The Pirate's Treasure (Verb)
While fucking your girl in the ass, you strike a hefty load of shit. After you've found this buried treasure deep in her booty, you scream, "Argh!", like a pirate.

baby lottery(noun)

When you and your buddies put a funnel into a girl's cha-cha and everyone proceeds to jerk off in the funnel. After the baby is born, you each get a paternity test and discover which daddy wins the baby lottery.

dirty river
You give a bitch the most painful anal sex of her life and then ask her to turn around. Just as she turns you surprise her with a low blow, a punch to her lower stomach as hard as you can. Once you land the blow she will shit uncontrollably, shit will flow from her worn out asshole like a dirty fucking river. Then just sit back and enjoy the show.

Rear Admiral (Noun)
An absolute blast. When getting a chick from behind (while both partners standing), make sure you don't let her grab on to anything when she is bent over. Then, drive you hips into her backside so that you end up pushing her forwards. The goal is to push her into a wall or table. It's almost as much fun watch her face hit the floor. You rise to Admiral status when you can bang her around the room without crashing into anything and not using your hands to grab onto her hips

Mushroom Tattoo (noun)
A slang term for when a guy slaps a girl on her forehead after she gives him a blow job.

coyote

This occurs when you wake up in the room of a nasty wombat and you know you've got to give her the slip.

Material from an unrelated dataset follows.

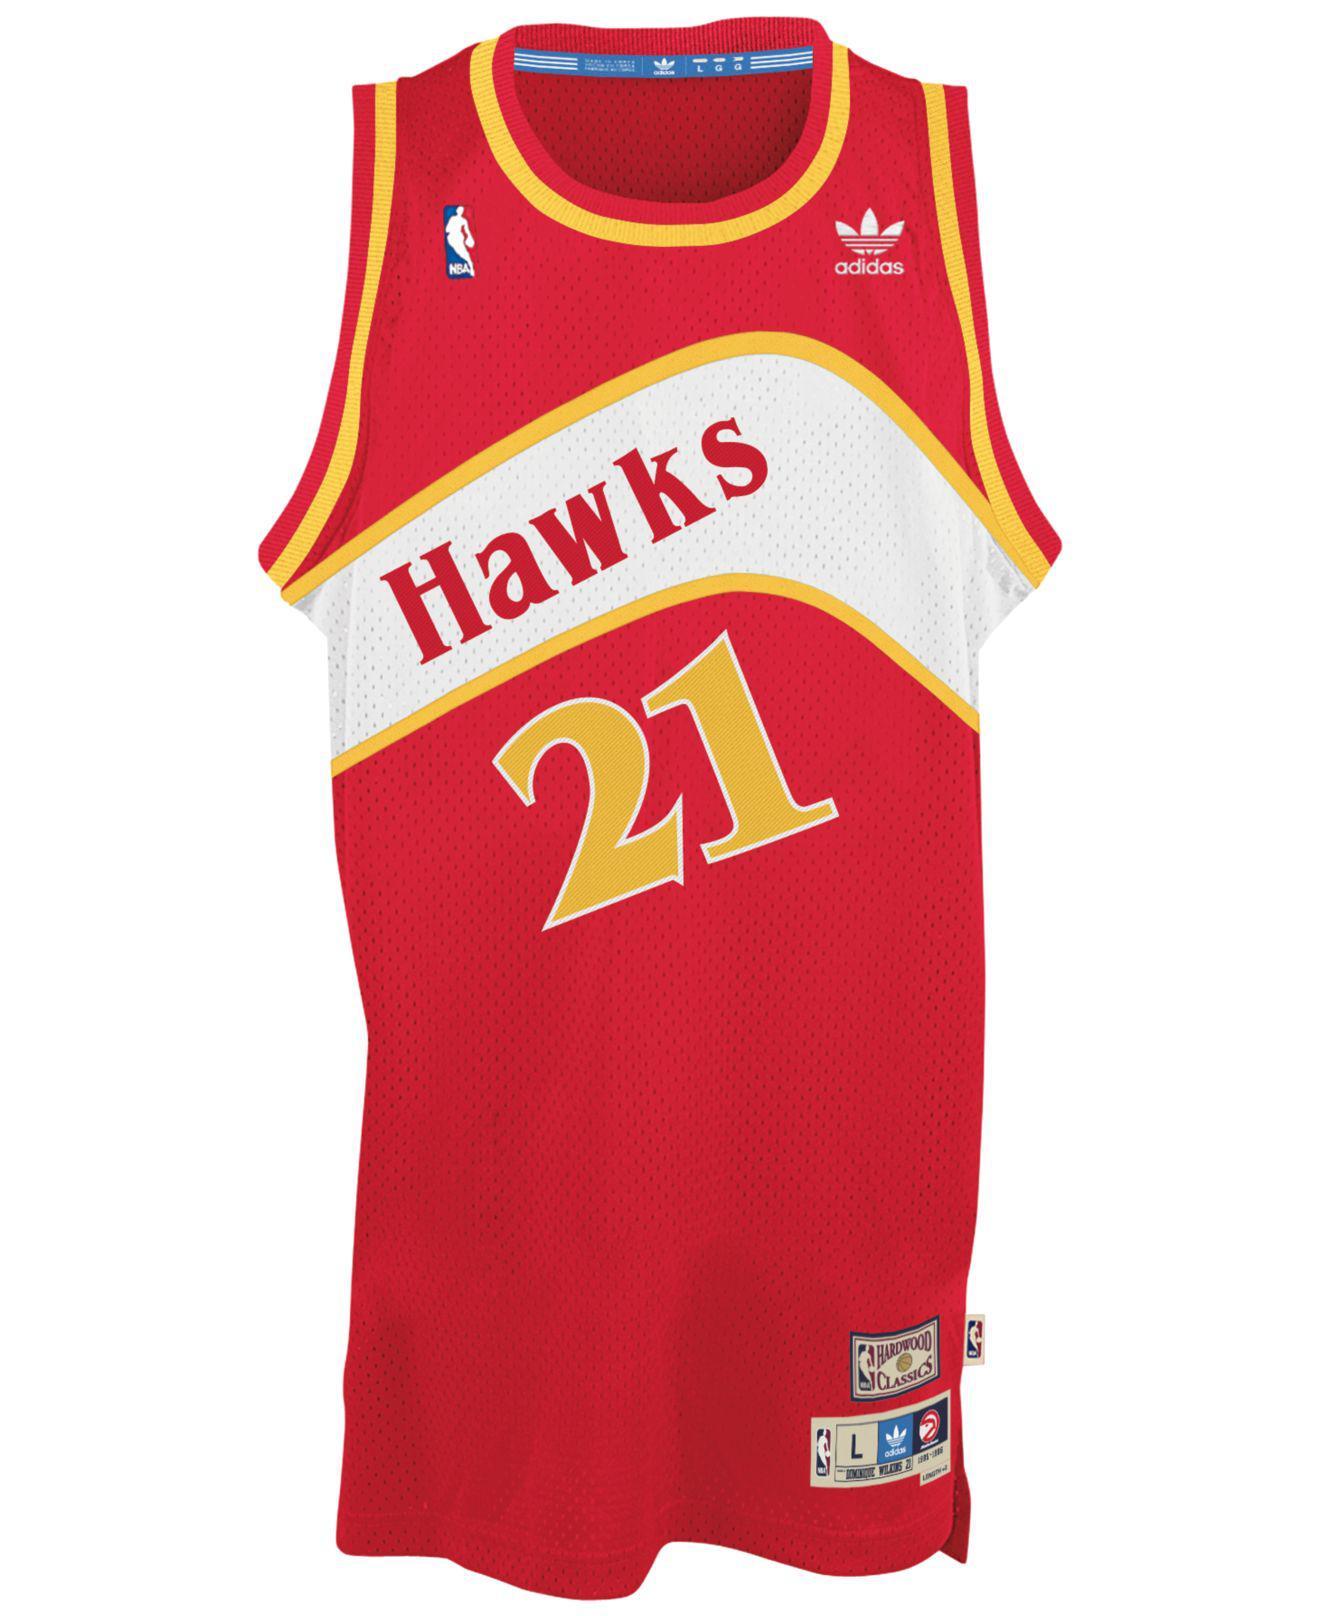 0a7acb42b41 adidas Men'S Dominique Wilkins Atlanta Hawks Swingman Jersey in Red for Men  - Save 27% - Lyst

However, you realize that your arm is wrapped around her. Therefore you must gnaw off your own arm to get out of the situation. Can be very painful.

end table

A great sinister trick to pull on that special someone. First, position her on all fours in the middle of a large room or any other open area in her house. Proceed to bang away for a little bit so she doesn't get wise to your game. Then, when the time is right, you carefully reach back and grab that perfectly hidden can of open paint you stashed beforehand. Place it directly on the center of her back and pull out. Finish her off by jerking one off in her eye and sit back and watch her squirm as she tries to figure out how the hell to get up with out spilling the can of paint. Put on your clothes and proudly go home knowing you may have failed shop class in high school, but tonight you made the perfect end table.